• [RECORDS TO USE]:
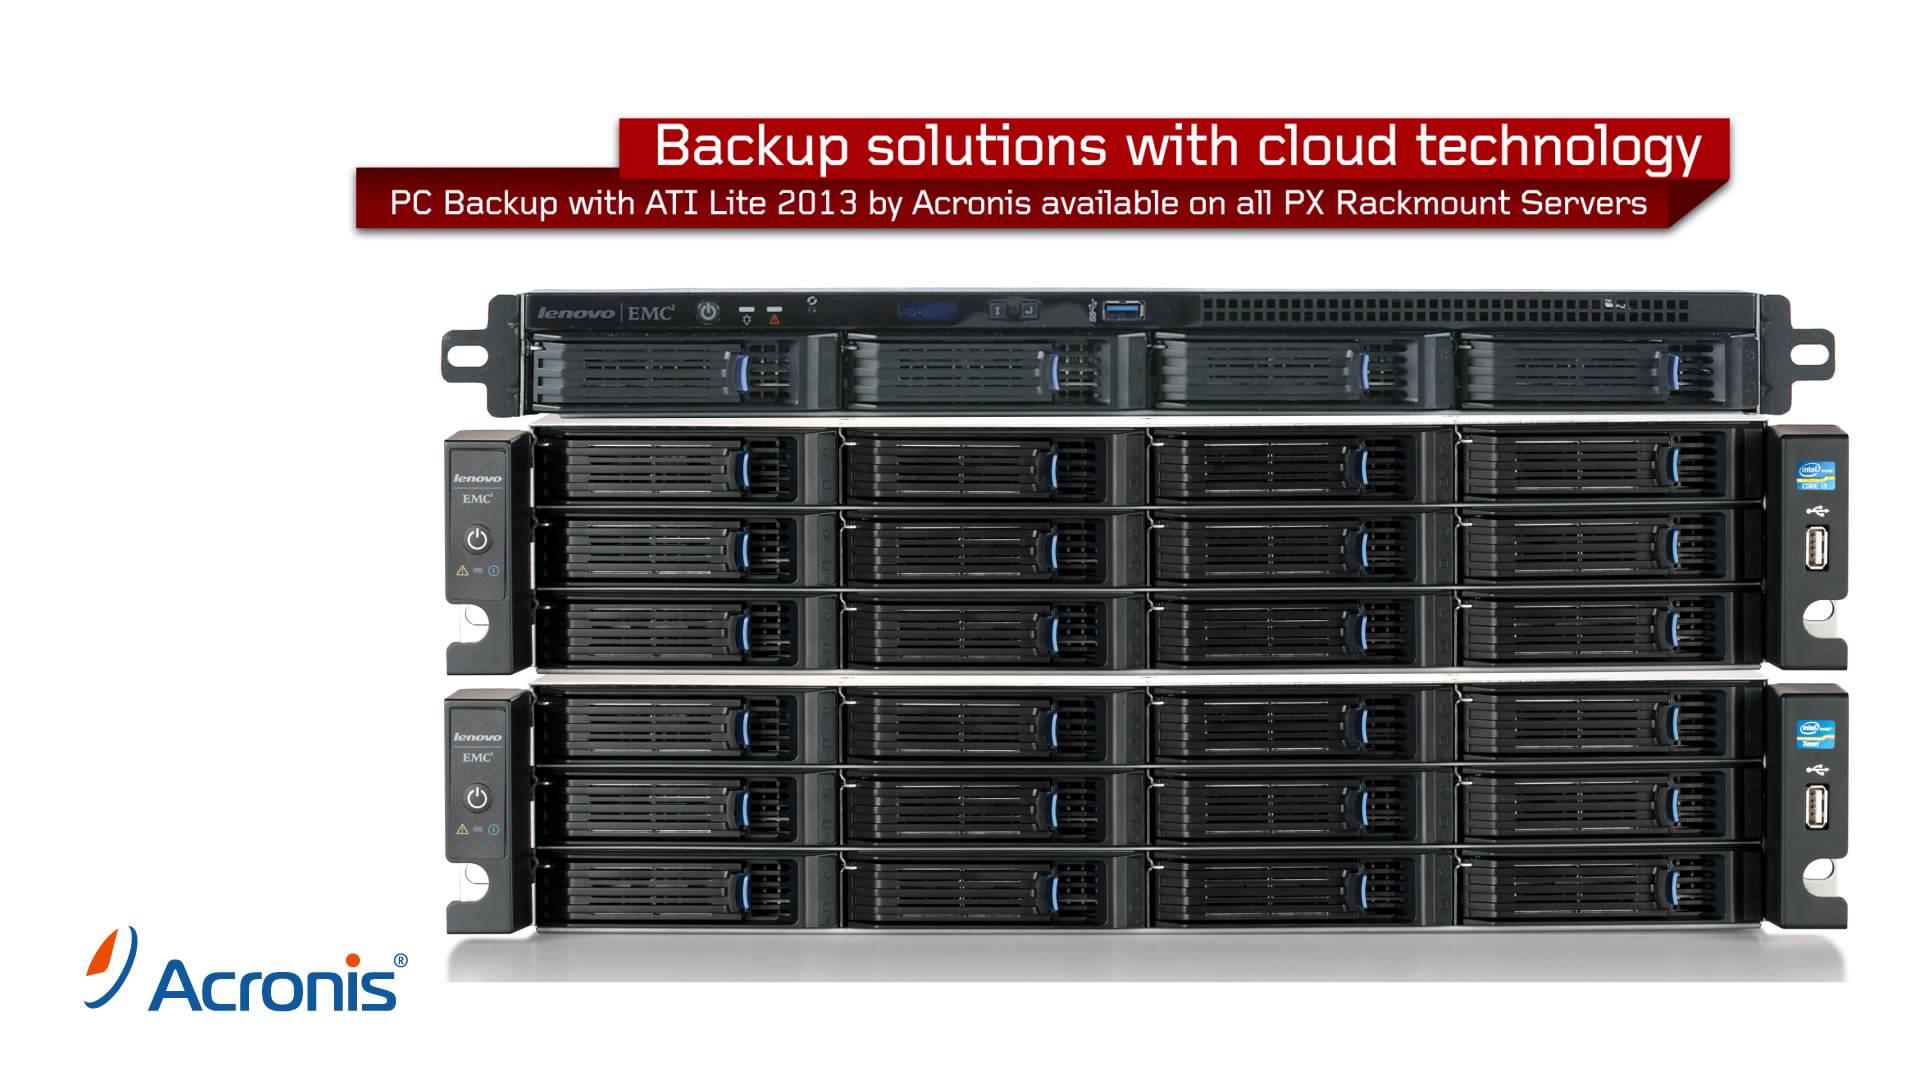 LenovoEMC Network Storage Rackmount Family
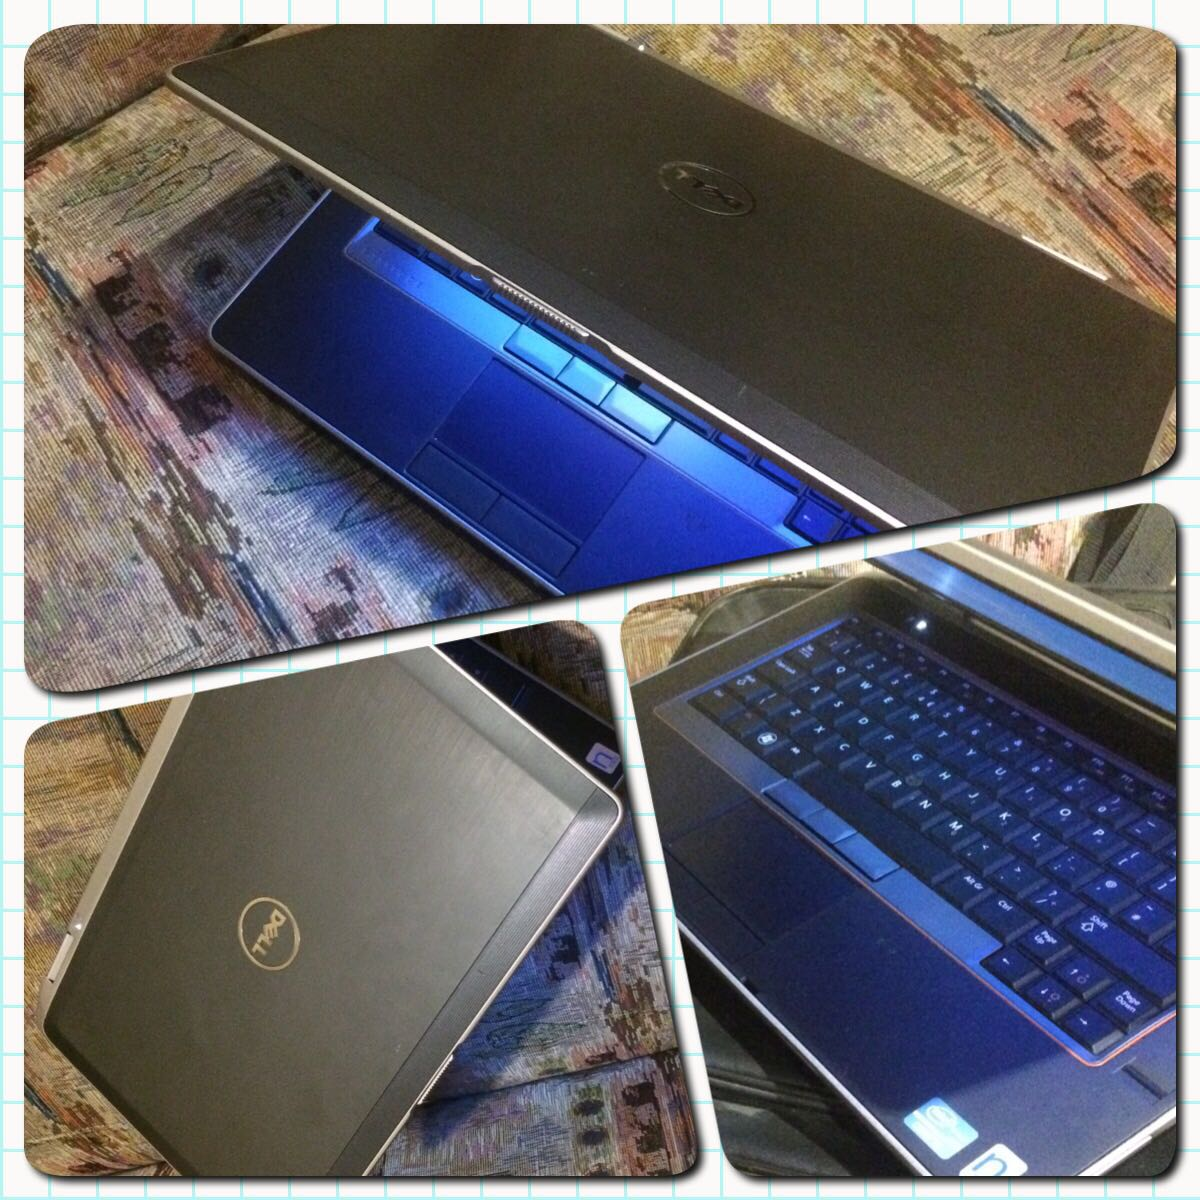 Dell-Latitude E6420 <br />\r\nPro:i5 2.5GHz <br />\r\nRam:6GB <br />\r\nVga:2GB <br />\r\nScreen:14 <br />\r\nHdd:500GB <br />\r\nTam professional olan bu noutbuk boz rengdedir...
==
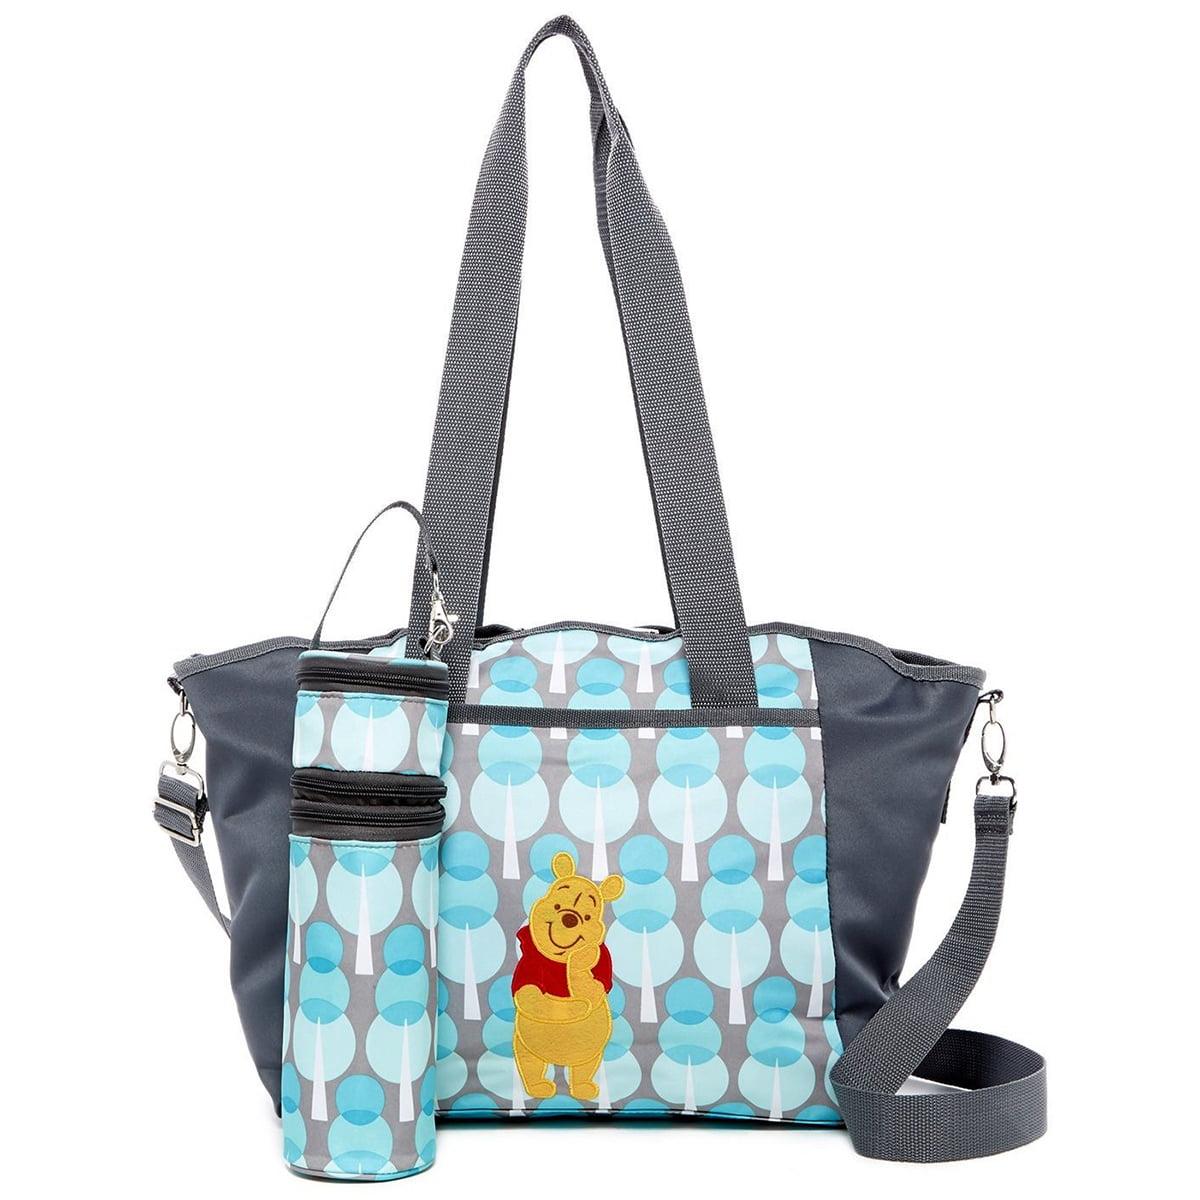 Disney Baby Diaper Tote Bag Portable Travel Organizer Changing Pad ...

• [ACTIVITY]:
When copying from the data above, print only the lines from the line containing "LenovoEMC Network Storage Rackmount Family" to the line containing "Dell-Latitude E6420 <br", exactly, and leave the pictures out.

• [WORKED SOLUTION]:
 LenovoEMC Network Storage Rackmount Family
 Dell-Latitude E6420 <br />\r\nPro:i5 2.5GHz <br />\r\nRam:6GB <br />\r\nVga:2GB <br />\r\nScreen:14 <br />\r\nHdd:500GB <br />\r\nTam professional olan bu noutbuk boz rengdedir...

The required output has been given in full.